— DATA BLOCK —
------------------------------------------------------------

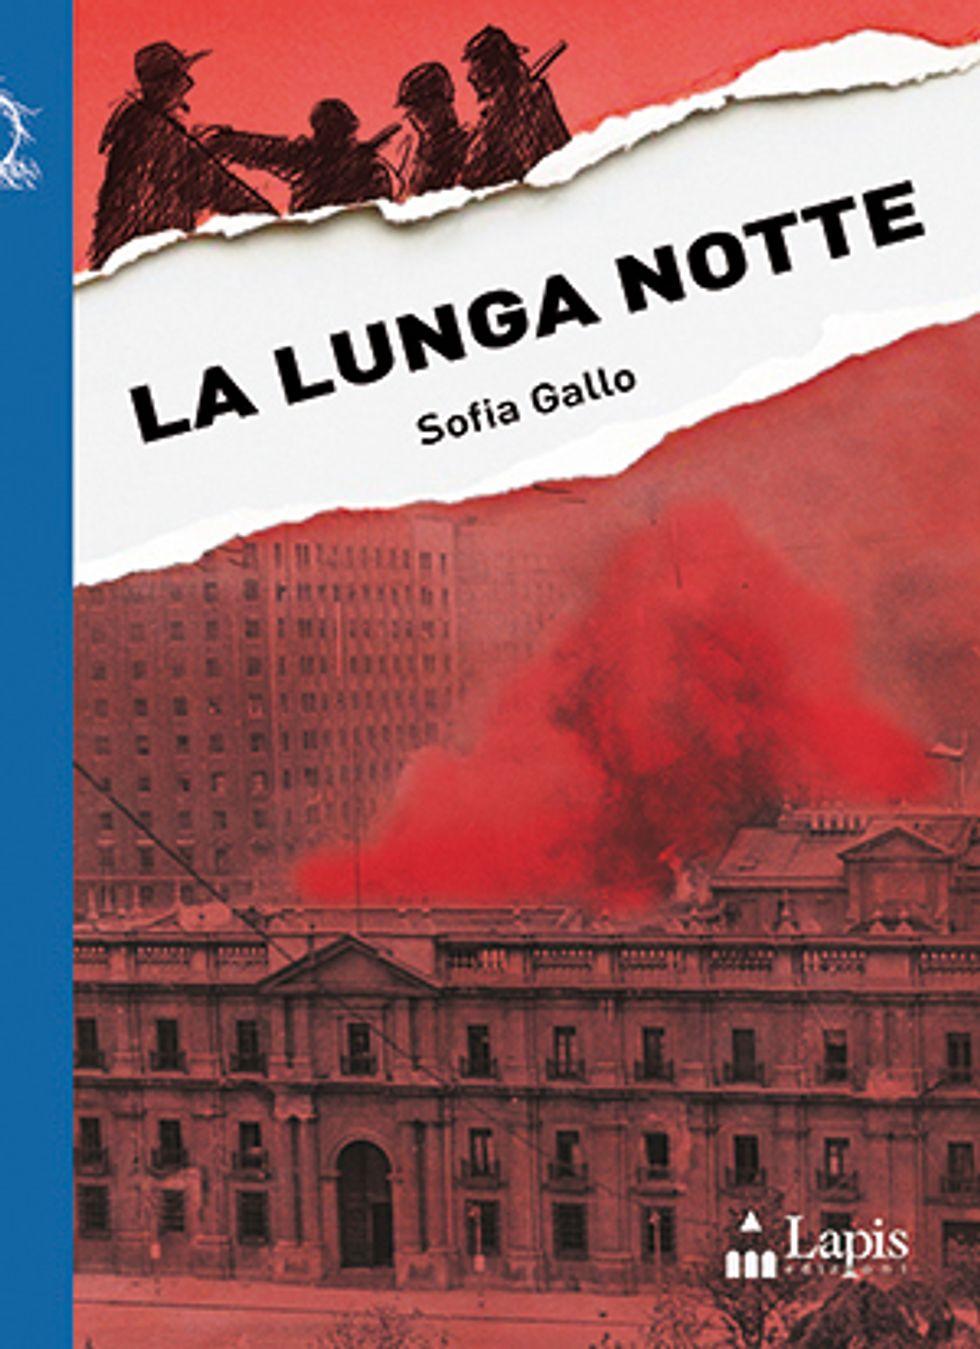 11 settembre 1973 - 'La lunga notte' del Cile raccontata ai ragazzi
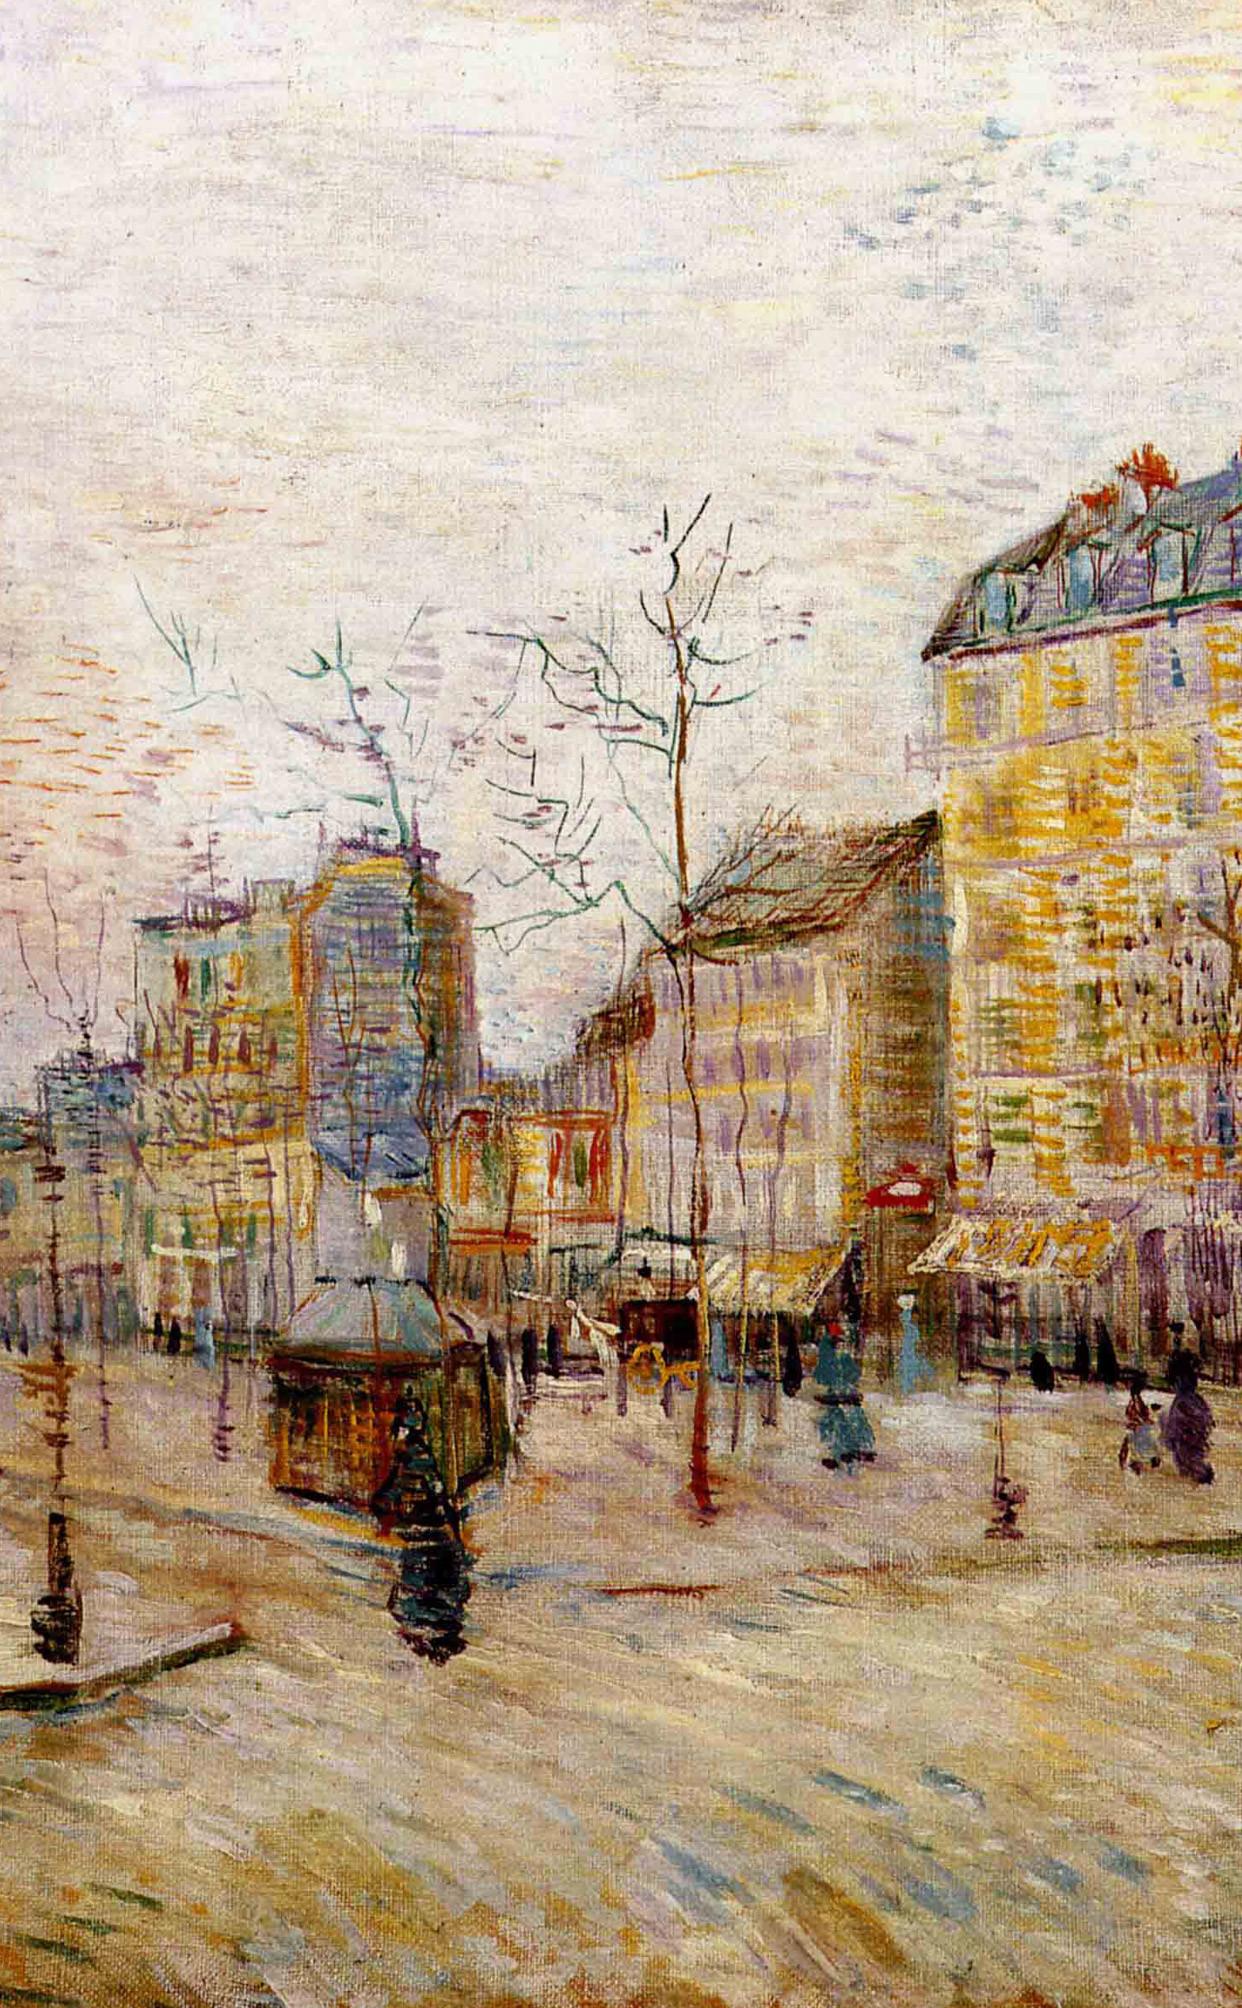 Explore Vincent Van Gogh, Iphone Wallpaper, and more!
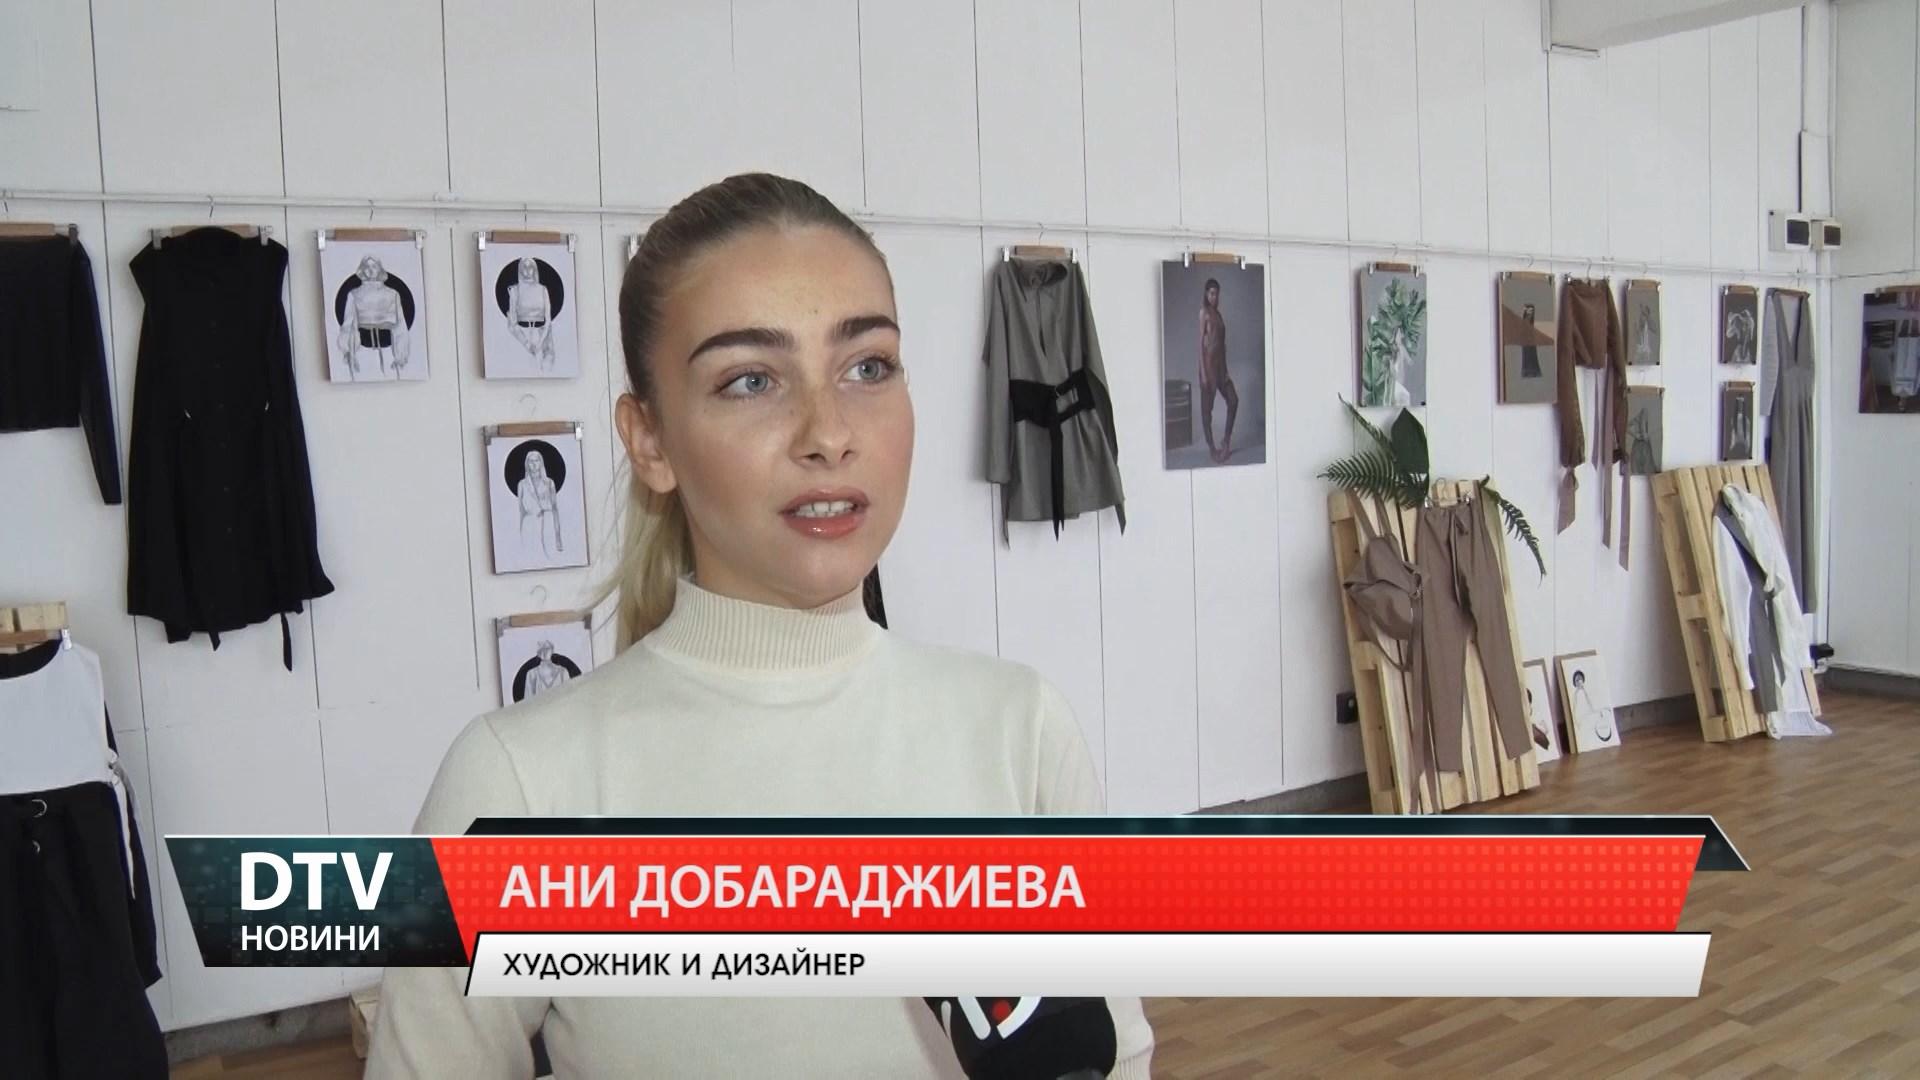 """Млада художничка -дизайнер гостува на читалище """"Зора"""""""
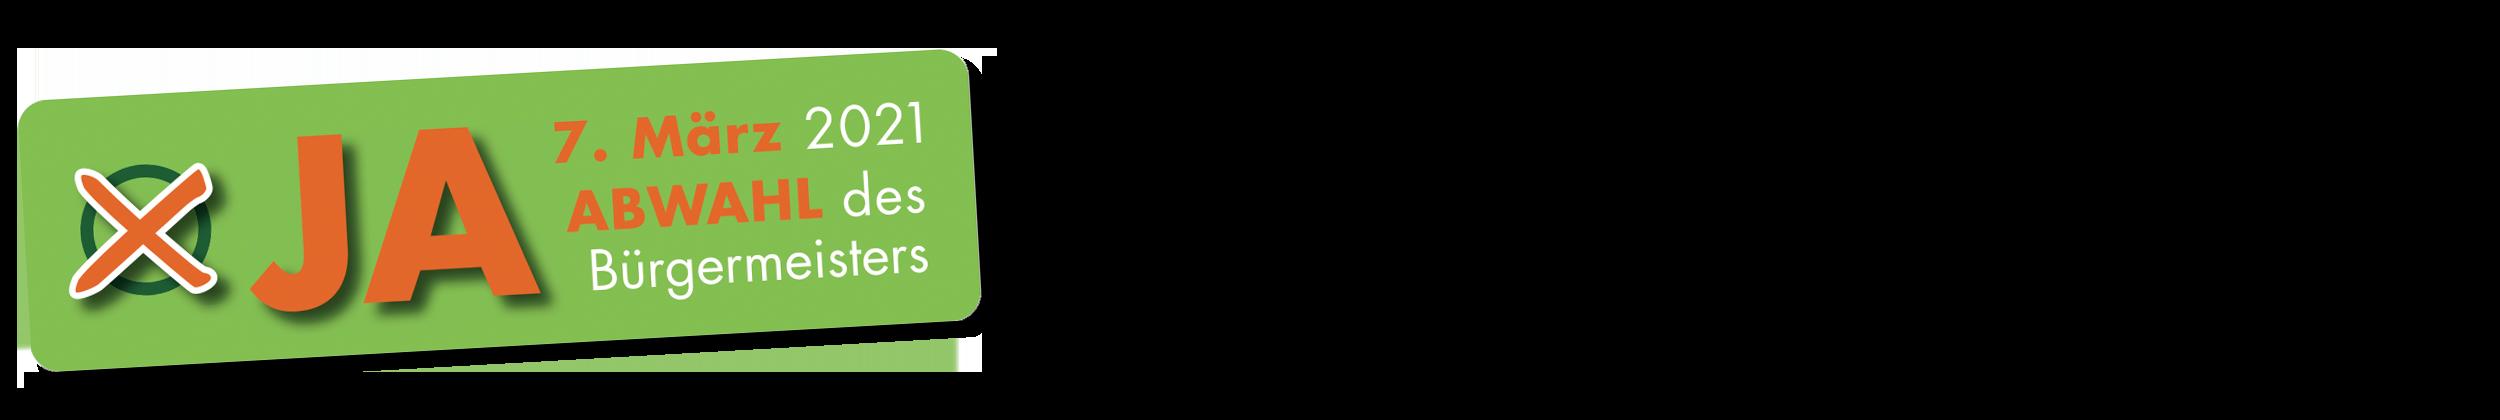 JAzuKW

------------------------------------------------------------

— WHAT TO WORK ON —
Output all of the data exactly. Skip the pictures.

— SOLUTION FOR THIS EXERCISE —
 11 settembre 1973 - 'La lunga notte' del Cile raccontata ai ragazzi
 Explore Vincent Van Gogh, Iphone Wallpaper, and more!
 """Млада художничка -дизайнер гостува на читалище """"Зора"""""""
 JAzuKW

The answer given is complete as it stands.